09.02
西瓜を買い占めた
今日、中玉の西瓜を2個買った。富良野産の西瓜である。
「あれまあ、夏も終わろうとしているのに、まだ西瓜?」
と疑念をお持ちの方も多かろう、実は、夏も終わりだから、最後の西瓜として2個買ったのだ。
それには理由がある。妻女殿である。若い頃から食が進まないたちであったが、昨夏心臓の手術をした後、さらに食が細くなった。ほとんど食べないのである。例えば今日の昼食。冷凍のチャーハンに青高菜を混ぜて作った。
「それでいい」
といったのは妻女殿である。作業をしたのは私である。450グラム入りというチャーハンを、目分量で妻女殿に180グラム、私に270グラム、という程度に分けた。その180グラムが、見ていてもちっとも減らない。私が食べ終えた時、皿にはまだ3分の2は残っていた妻女殿のさじがピタリと止まって動かない。
「残すのか」
無言。
「食べなきゃ体力はつかないぞ」
無言。
「食えよ」
「食べられないんだからしょうがないでしょう」
食事のたびにこんなとげとげしい会話が飛び交うのが我が家の食卓である。夜は
「これを温めて」
と言われて電子レンジにかけたコーンスープが、食事を終えてみればほとんど手付かずで残っていた。わずかに口に運んだのはご自分でお作りになった野菜の煮物程度である。それも、私が盛りつけた分を食べおおせることはなかった。
「お前なあ、人間、食べなきゃ死ぬんだぞ」
といっても反抗心をあらわにした言葉が戻ってくるだけである。
まあ、食事のたびに喧嘩をすることには慣れてきた。それでも、食べさせなければと思うのは、夫婦愛などという高邁なものではない。寝食を共にするものの性(さが)のようなものである。さて、何だったら妻女殿は口に入れるのか。
その妻女殿が嫌がらずに口に入れるものがある。西瓜である。食べれば
「福岡の海の家で食べた西瓜は美味しかった!」
と昔話を何度も繰り返される。確か結婚した年の夏、まだ大学生だった私は大学生協でアルバイトをしていた。その生協が夏の間海の家を経営しており、そこに遊びに行って西瓜を食べたのである。

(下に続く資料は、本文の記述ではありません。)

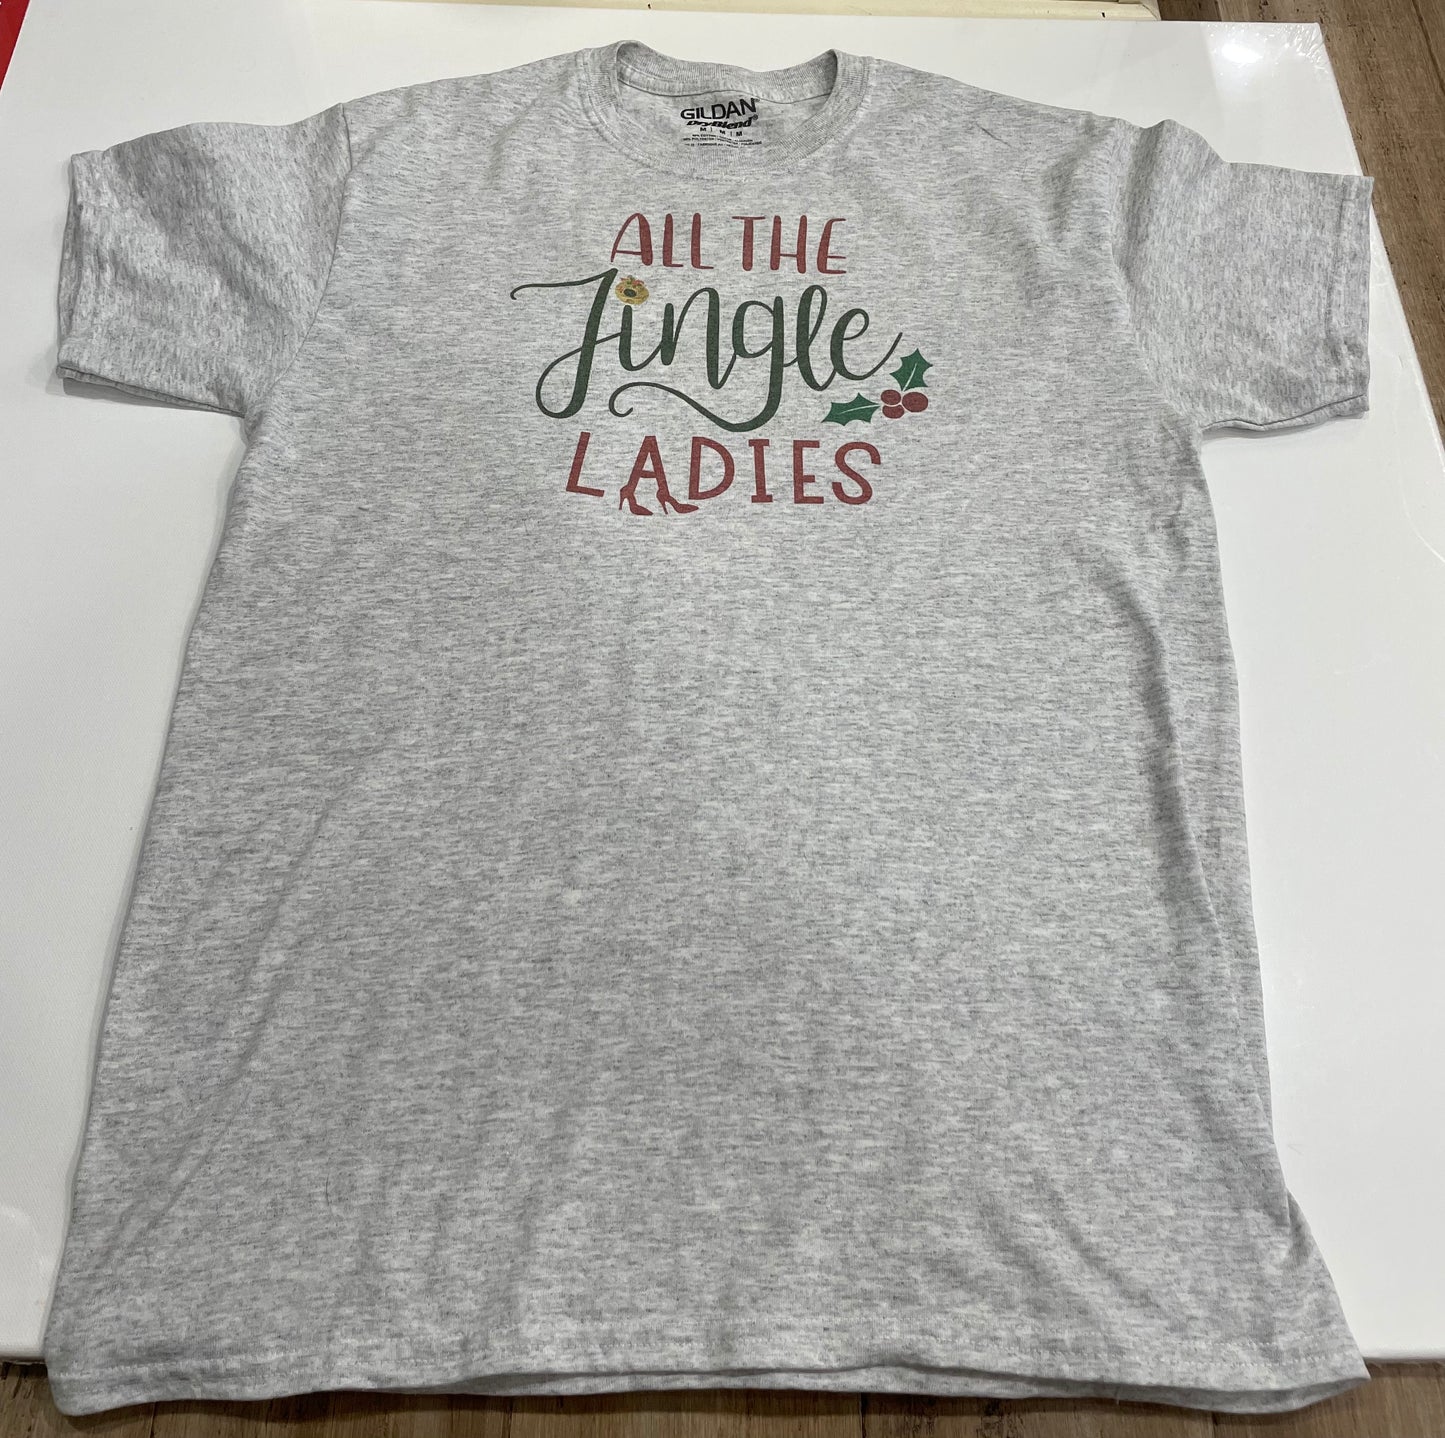 Adult size medium t-shirt

「あの西瓜に比べたら、いまの西瓜は香りがない。美味くいない」
というのも、西瓜を食べながら何度も聞かされた繰り言である。
といいながら、だが西瓜だけは進んで口に運ばれる。食卓に出すのはおおむね昼食後だが、食べ終わって
「西瓜、食べるか?」
と聞くと、決まって
「食べようか」
という返事が戻ってくる。昼食に食べ残しがあっても、この返事だけは変わらない。
そのような事情で、我が家は今年、4月の末か5月の初めから西瓜をほとんど欠かさなかった。おおむねは小玉西瓜である。これは4等分し、1日に4分の1を2人で食べる。その小玉西瓜も8月の20日過ぎには入荷がなくなり、中玉を買った。これは8等分するから、1個で8日分である。小玉西瓜はおおむね2000円、中玉は3000円前後である。1日分を計算すれば中玉の方が安い。

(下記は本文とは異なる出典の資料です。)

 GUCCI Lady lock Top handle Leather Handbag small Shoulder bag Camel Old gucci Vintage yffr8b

「こんなことなら、始めから中玉にしておけば良かった」
とは、先に立たないといわれる後悔を私がしたのである。
そんな我が家の西瓜が先週末に切れた。それではと、行きつけの果物店に行くと、もう店頭に西瓜がない。
「あれー、西瓜は終わっちゃったかね」
「仕入れようと思ったんですが、市場に出ているのはグズグズのものばかりで」
「来年まで待つしかないか」
「いや、ひょっとしたらもう一度ぐらい入るかもしれません」
「時期的に、入るとしたら北海道の西瓜だよね」
「はい、お売りできるものが市場に出るかどうか分かりませんが、週明けにもう一度ご来店いただけますか?」
それで今日、その果物店に行ったら、中玉の西瓜が2個あった。普通、買うのは1個である。だが、それだと8日間しか持たない。
「ねえ、西瓜って10日ぐらい持つかねえ?」
「ええ、大丈夫ですよ」
「常温で置いていても?」
「10日や2週間は大丈夫です」
そういわれて、店頭の2個を買い占めたのであった。計6000也。ま、少なくとも2週間少々は妻女殿の口を潤すものが手に入ったと思えば、この出費にも納得せざるを得ない。
しかし、だ。この西瓜を食べ終えたら、次はを買う? いまのリンゴは美味くないし、梨も買ってみたがたいした味ではない。このほか秋の味覚といえばブドウぐらいか? そういえば、メロンは年中出ているみたいだなあ……。
そんなことにも頭を使わねば(たいして使ってはいないが)私である。